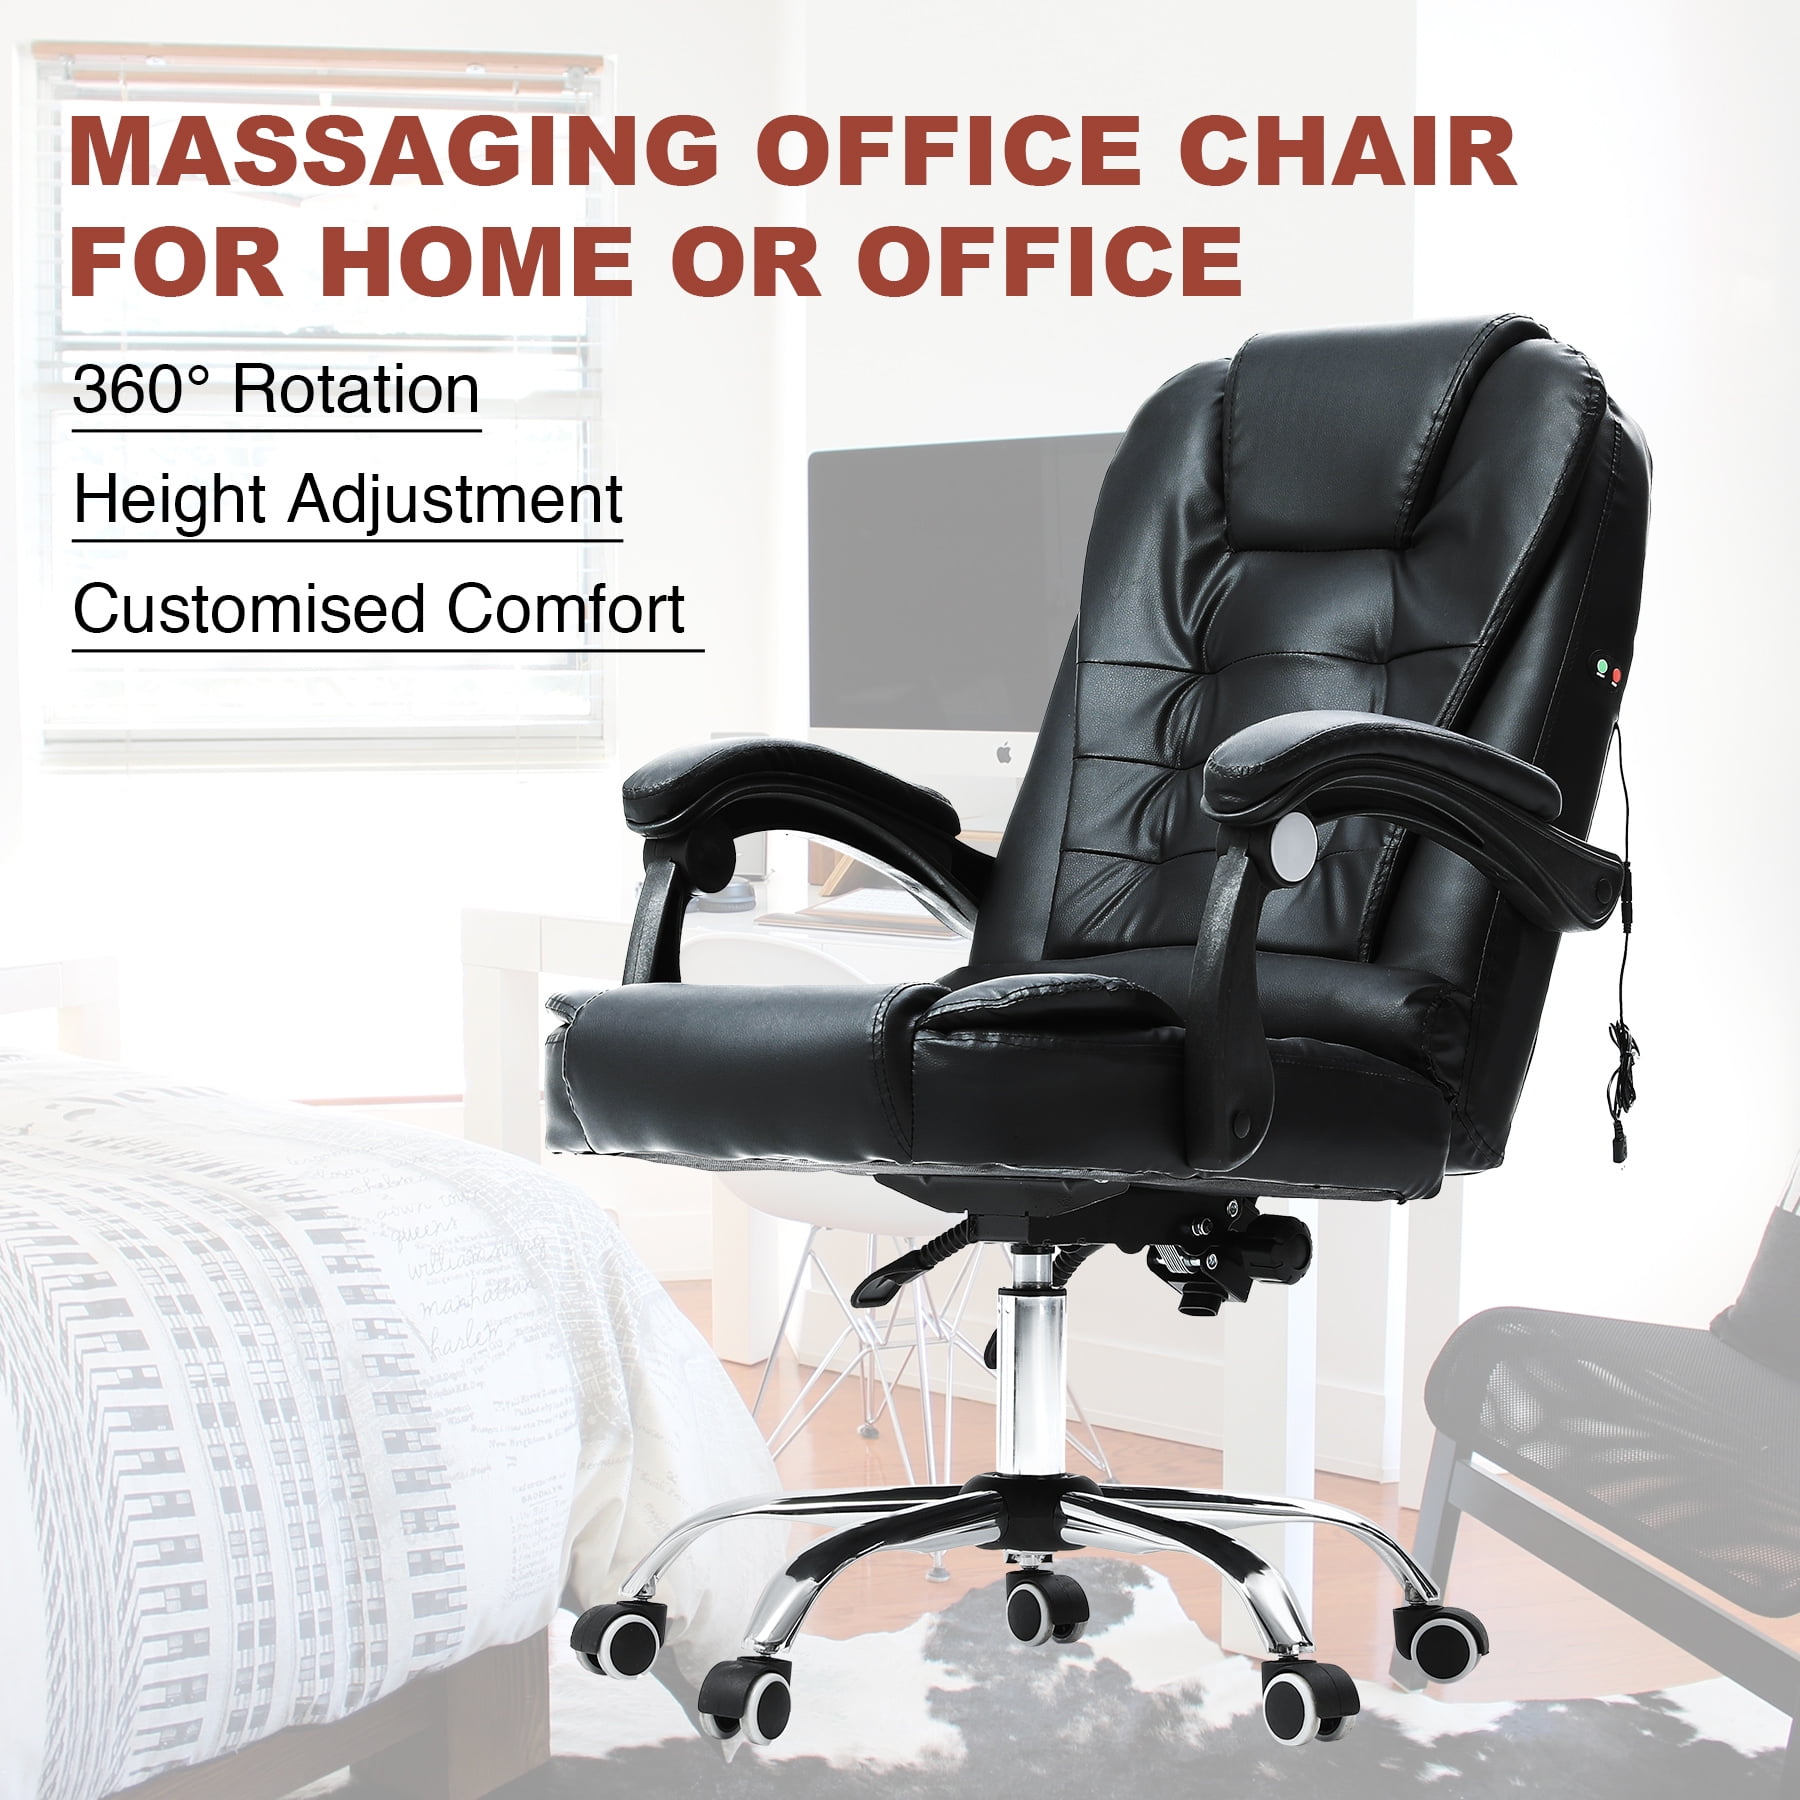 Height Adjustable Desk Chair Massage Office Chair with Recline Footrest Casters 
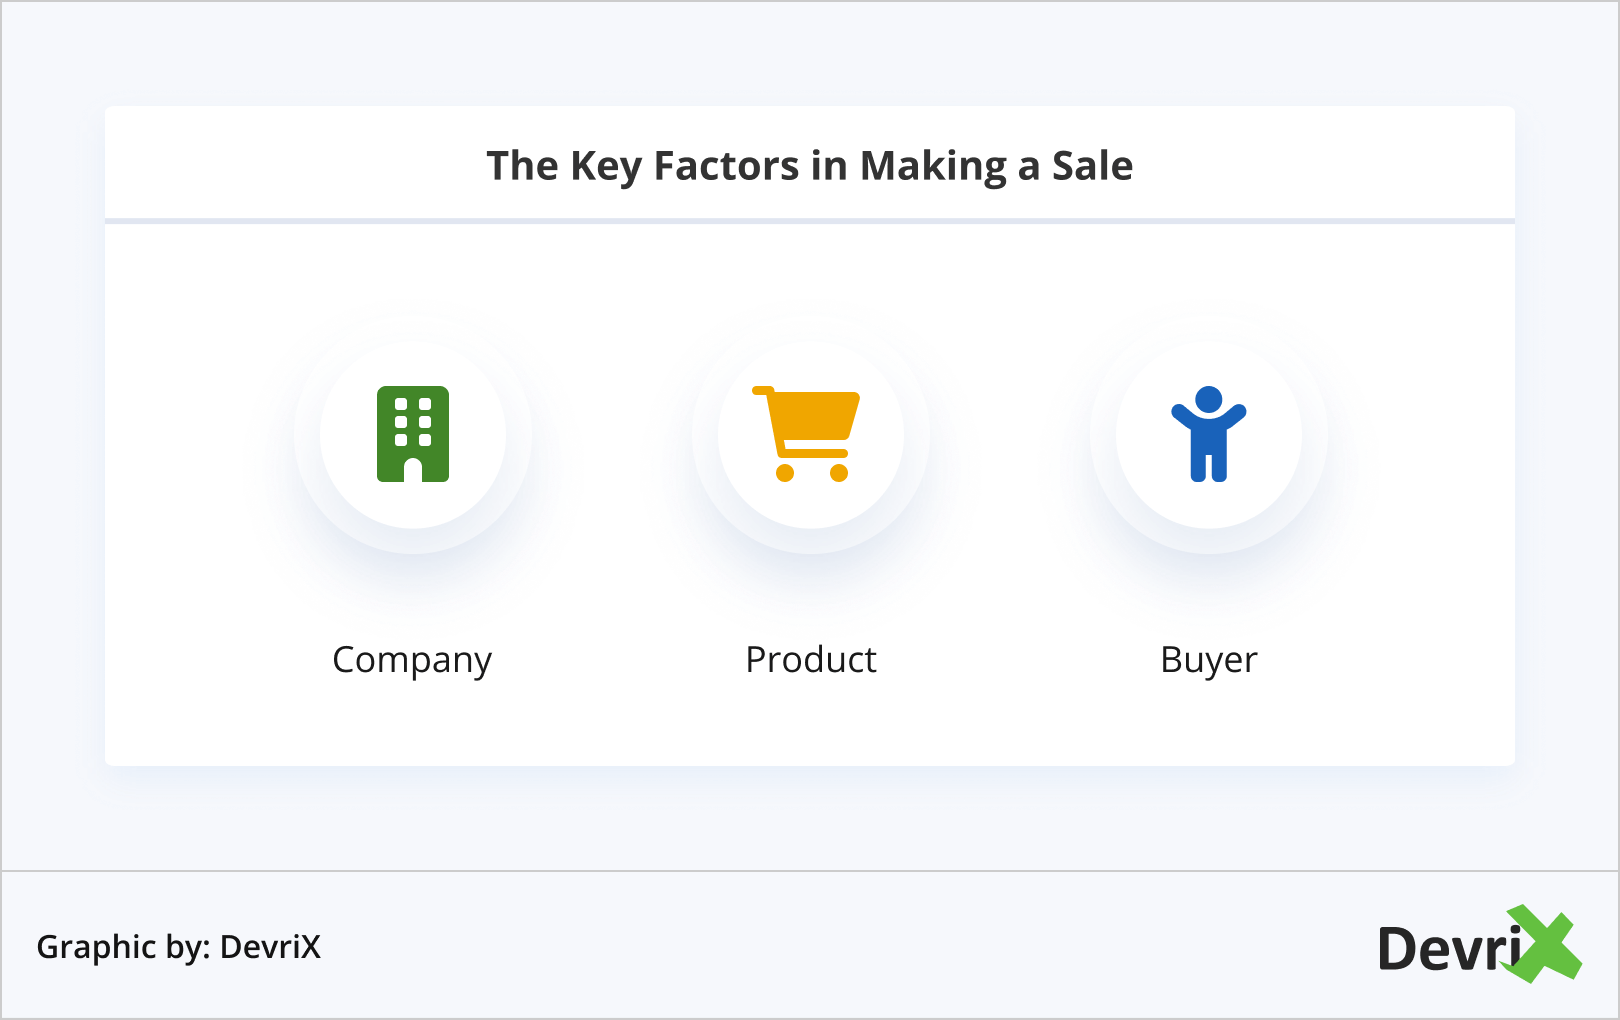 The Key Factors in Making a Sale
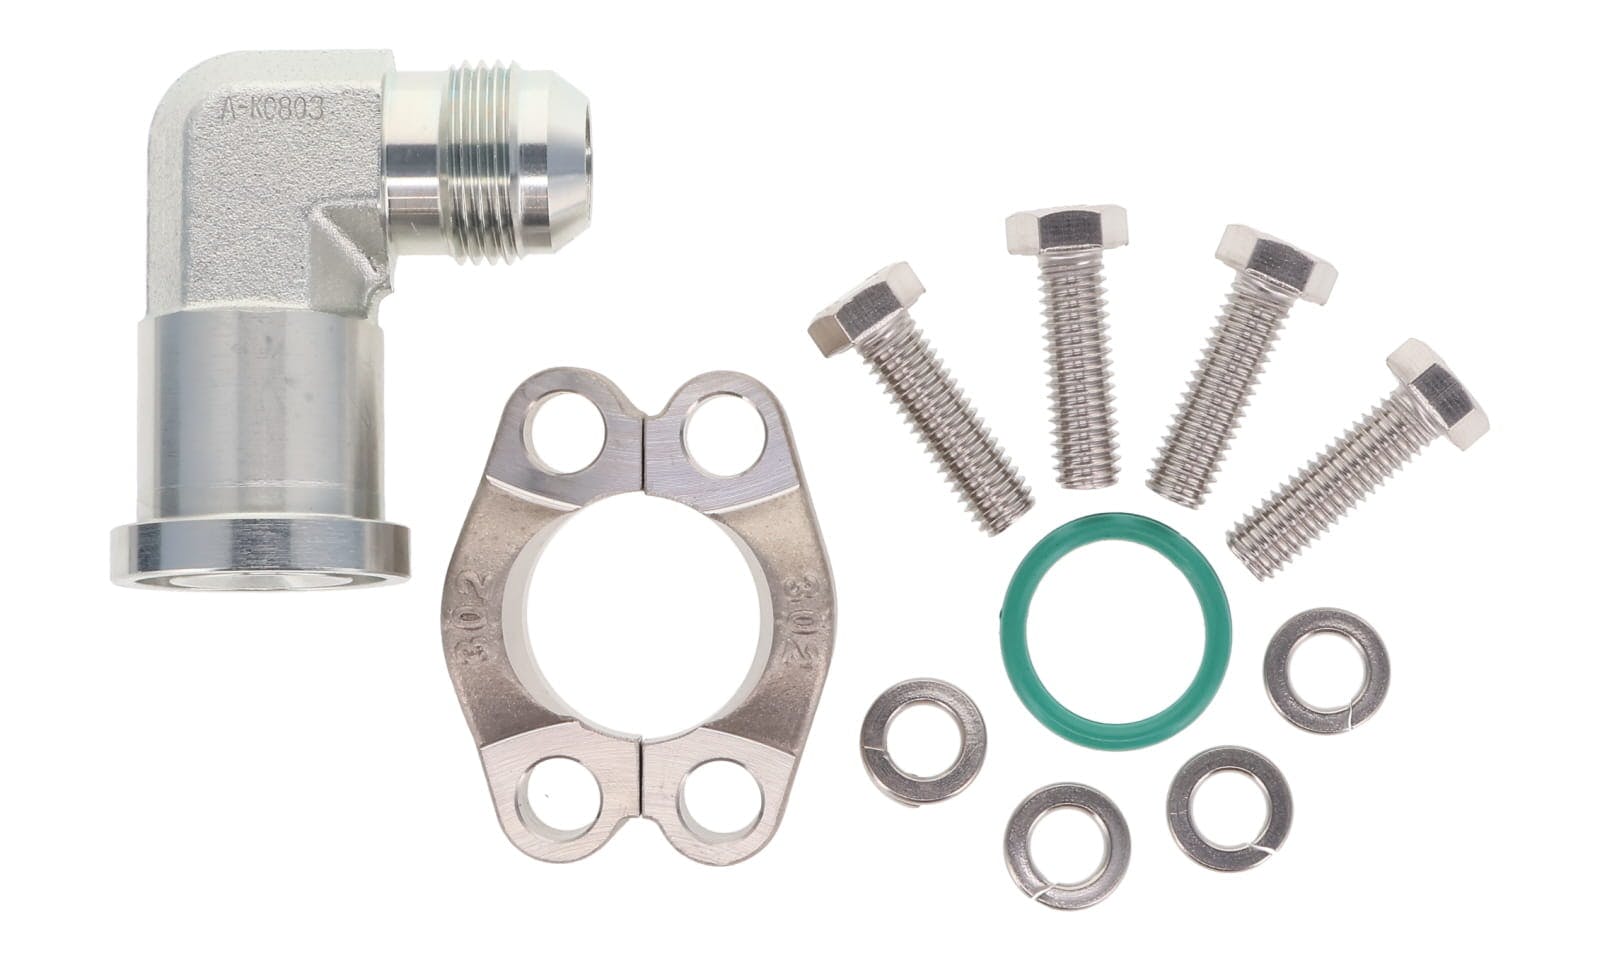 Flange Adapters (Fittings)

______________________________

__Work task__
Copy the material exactly as written and leave every picture behind.

__Task output__
 Height Adjustable Desk Chair Massage Office Chair with Recline Footrest Casters 
 The Key Factors in Making a Sale
 Flange Adapters (Fittings)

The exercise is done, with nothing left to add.